We all know how science fiction movies tend to depict computers or robots which are able to interact with human beings. These robots are often much more logical than humans and have a complete understanding of the world we live in. In order for robots to behave in this way they require the ability to see and process their surroundings.

Object recognition is the area of study within artificial intelligence which focuses on making computers recall objects which they have already seen. Early attempts remembered objects in terms of their shapes and colours, but unfortunately, moving the object even slightly had dramatic effects on the success of these attempts.

Consequently, researchers looked elsewhere. Unlike machines, people can recognise objects from different angles, in different light conditions, and even if slightly hidden. It was thought that humans do not recognise objects as a whole, but recognise objects by their parts, which collectively suggest the object. A viewer recognises an object if many of the object’s parts are visible.

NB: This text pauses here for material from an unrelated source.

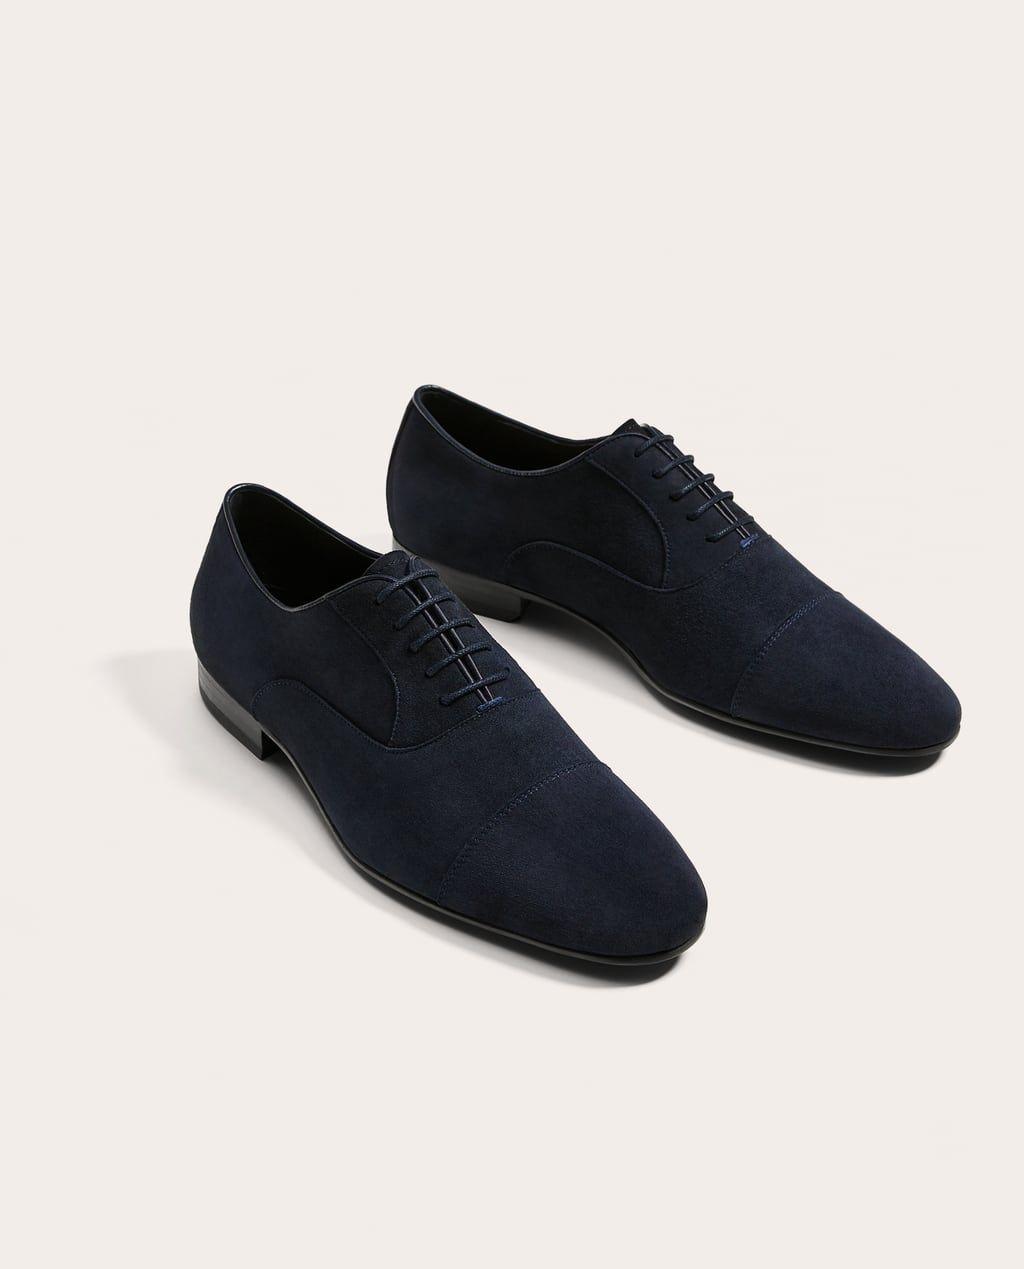 ClassyDude - Zapatillas de Material Sintético para hombre Negro azul marino qCGlltD8

It was further hypothesised that these parts are not based on colour or geometry, but on certain key points of the object. Over a decade ago, a technology called scale-invariant feature transform (Sift) was developed which embraced this idea of mimicking human vision, and the results were remarkable. Although it was rather slow, Sift outperformed all other techniques and set a new standard in the field.

Research in object recognition technologies has continued, however, modern algorithms still follow Sift and the inspiration it was originally based on. One of the more well-known of these techniques is speeded-up robust features (Surf), which attempted to keep the same quality of results as Sift while taking many shortcuts to improve the speed of recognition.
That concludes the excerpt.